Народное творчество - Акбузат

Акбузат

башкирский народный эпос в прозаическом переложении Айдара Хусаинова

© Айдар Хусаинов, перевод, 2016

Создано в интеллектуальной издательской системе Ridero

Как Хаубан пел песню

– Ай, Урал, ты мой Урал, великан седой Урал! Высоки твои кручи, глубоки твои ущелья, широки степи! Зелены твои леса, прозрачны твои реки, что текут без шума и вздоха. Родники твои глубоки, бездонны твои озера, малые лягушки кричат так, словно весь народ твой собрался на свадьбу, дикий твой лук и щавель сладки, как самое дорогое праздничное угощение!

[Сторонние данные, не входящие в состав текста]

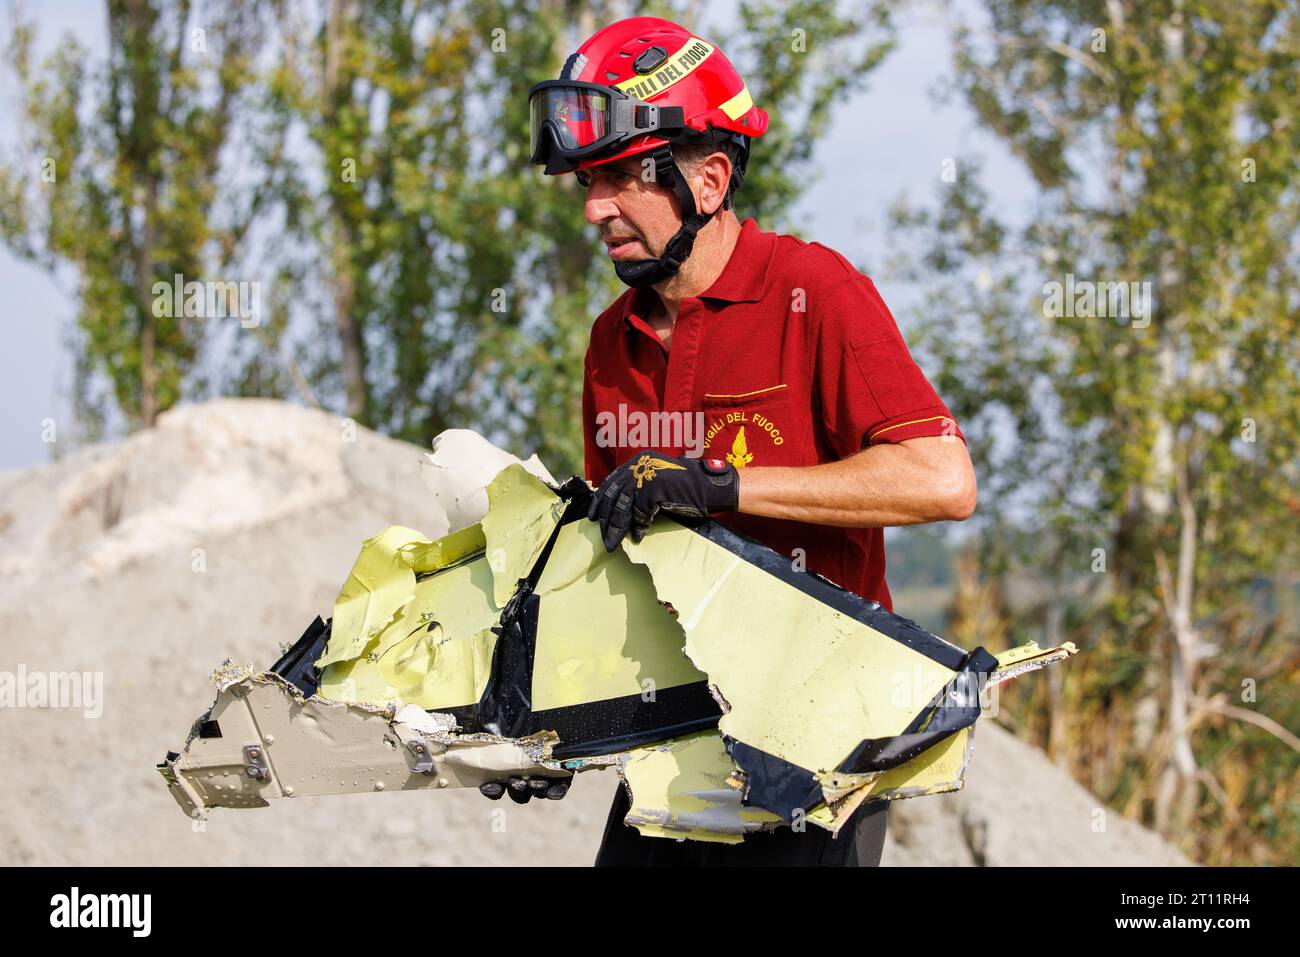 Ein Hubschrauber stürzte in einen Sandsteinbruch in Bondeno ab. An Bord waren zwei Personen, die bei dem Vorfall ihr Leben verloren haben. Die Feuerwehr durchsucht derzeit die Leichen in Bondeno, Ferrara, Italien Stockfoto

– Так пела душа мальчишки, который шел по дороге в летний день – один-одинешенек, без товарищей-спутников. Вот он показался на гребне высокой горы, перевалил хребет и пошел в долину, оглядывая ее с высоты своих пяти лет. Немало горя вместили они, эти годы – погиб отец, пропала мать, и начался тогда долгий путь от жилища к жилищу в поисках куска хлеба, и каждый был омыт горькими сиротскими слезами.

Да, вот как начинается рассказ о жизни и славных подвигах батыра, имя которому Хаубан.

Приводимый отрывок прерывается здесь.